Apollo Breach and Dangers of Public Information

Matti Suominen

Matti Suominen

Head of Product Cybersecurity

October 8, 2018 at 09:39


On Friday October 5th, the story broke on Wired about a sales intelligence company called Apollo suffering from a data breach. The company was collecting data from various sources – many of them public – and connecting it all together to create profiles of people. The purpose of their platform was to enable sales by helping sales people target the right stakeholders with the right message.

This case is one in the long line of breaches to various sites that exposed massive amounts of data to attackers. In this case, the company claims to have profiles for 200 million people in 10 million companies. Much of the information was public but wasn’t available in one database where all the necessarily analysis work to combine it is already done. There are interesting aspects to this story that relate to integrations to various platforms which may have ended up populating their database with information that had no place being shared.

Much has already been written about the event and no doubt more will be written over the coming days. The incident comes at a time when the recent Facebook breach is currently estimated to have affected closer to 100 million people is only a couple of weeks old. We now live in a world where such events appear to be part of the weekly news circulation. If you are reasonably active person in social media and using various digital services, odds are good that you’ve already been affected by several of these events. My own personal e-mail has been involved in two major breaches and I barely use it.

If you are concerned or just curious, you can use the following site (https://haveibeenpwned.com) to check if your e-mail was included in this (or many of the previous) breaches. If you find yourself there, maybe as part of one of the previous breaches (e.g. the LinkedIn breach few years ago), now is a fine time to change your passwords.


have I been pwned


As stated, no doubt a lot will be written about this incident and the ones that will follow. Instead of focusing on the incident itself, let’s think for a moment what really happened and why it’s a bad thing. Much of the information that was in the database was public information. You may have written this information to your profile in LinkedIn to create your CV. Maybe you included some of the information in your Facebook profile. Or maybe you used some services that collect information about your working history, hobbies and so forth. Alone, these bits of information are not that interesting. I’m happy to tell you my e-mail address (it’s not a secret) and where I work (not a secret either). I would be happy to share my CV with you. However, as you start putting more and more information together, this information may tell more about me than I initially thought.

Thought experiment time. Imagine you get an e-mail that starts like this.



That’s an obvious scam, right? It doesn’t take much to figure that out. But why is it so easy to tell? Because none of it makes sense in context. First, the sender doesn’t know even your gender, meaning that they sent this to a random person they don’t know. Second, you have no connection to Nigeria, don’t know any princes there and there is no reason they would contact you as if you were a trusted person to them. The story falls apart immediately if you think about it. 

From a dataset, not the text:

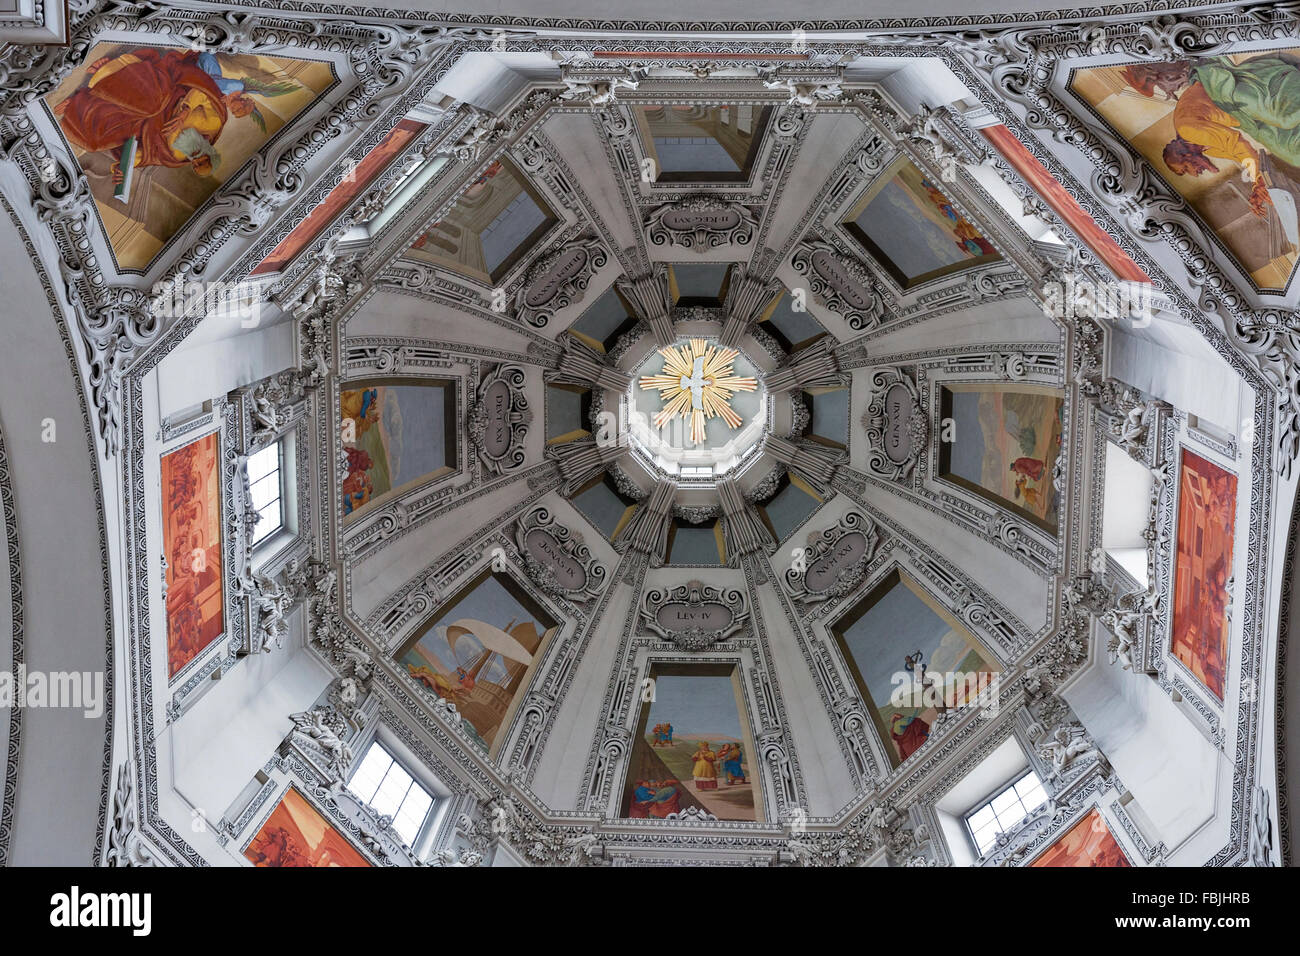 Salzburger Dom Dom Innenraum gebaut von Santino Solari, Schweizer Architekt und Bildhauer. Salzburg, Österreich. Stockfoto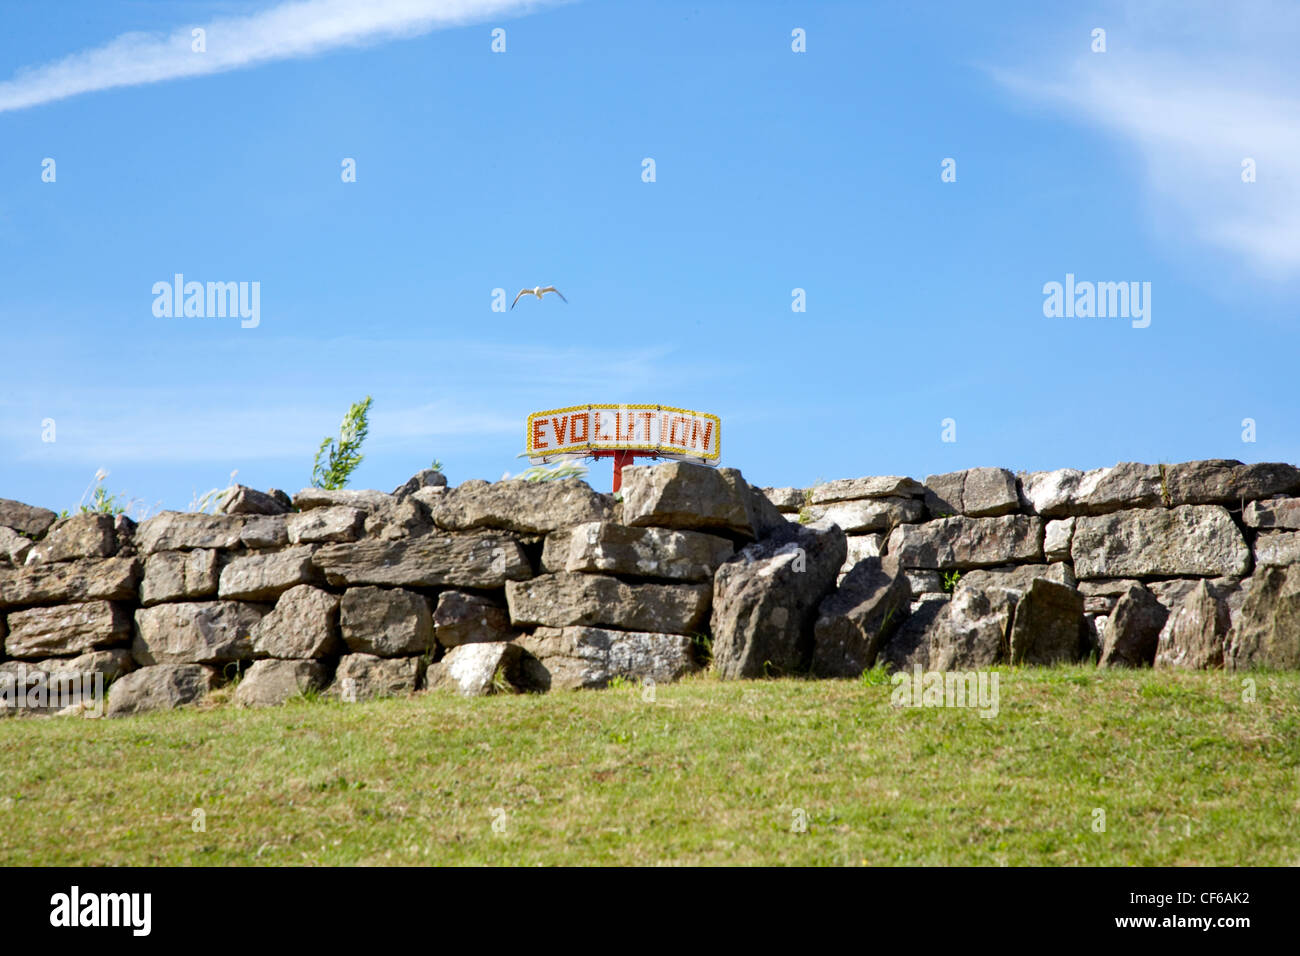 Le sommet d'un fun fair ride est visible derrière un vieux mur de pierre sur l'île de Barry à Glamorgan. Banque D'Images

As a side note: many scams are intentionally poorly written and make little sense to ensure that the scammer can filter out people who would likely not fall for it. Don’t mistake it for poor execution on their part.


How do we make this scam better? By making it more relevant and believable. What if you knew much more about me and could easily adjust some facts to make the message more likely to be true? Imagine, for example, that you claimed to be a person from a company I used to work for. You could easily fabricate details about when we used to work together and how your need relates to my position there. You could maybe name a person who I knew who also worked there at the time. Maybe you could refer to the location where we worked. All this is public information if you go through my LinkedIn profile, my contacts and my work history. It would make for a much better scam. Best of all, you could likely do most of this automatically – just create a few templates for the message and let the system fill in the blanks based on work history and other information about the person.

Let’s compare the previous e-mail to this one:



It’s instantly a better scam that looks to get information from me regarding IT systems I might know something about. Maybe I would reply with some names of people I know who could tell more about it. Maybe I would just talk a bit about what I remember. All this by just taking some simple details that are public knowledge and using them to weave a good story that compels me to help an old buddy – fake one, mind you – out in a tough situation.

The problem is, we can’t entirely predict how information about us can be combined to create new information that we would not want others to know. Few years ago, the Cambridge Analytica case regarding abuse of Facebook data made headlines because the company found and exploited the collected data in innovative ways. It wasn’t entirely obvious at first glance that by knowing all sorts of information about people, one could determine their political leaning and target the right people to win over votes. Most people would not mind sharing such basic information but they might very well object to what ultimately happened.

It does not look like the pace of data breaches is slowing time anytime soon. The problem is tough to solve as we must trust every single company that holds our information to keep it safe. Worse yet, we must also trust companies that just went and collected our information from other sources to do the same. I wish I had a solution to offer to you that would magically make the problem go away. Unfortunately, there is no one simple thing you can implement by yourself. Different stakeholders, ranging from legislative bodies to companies and down to individual developers are coming up with different ways to address the issue. 

In the meanwhile, be safe out there and make sure you do your part by following the security best practices. And really, go check if you were affected and switch out passwords for good measure if so. Maybe also turn on the multi-factor authentication (MFA) for services you use while you are at it.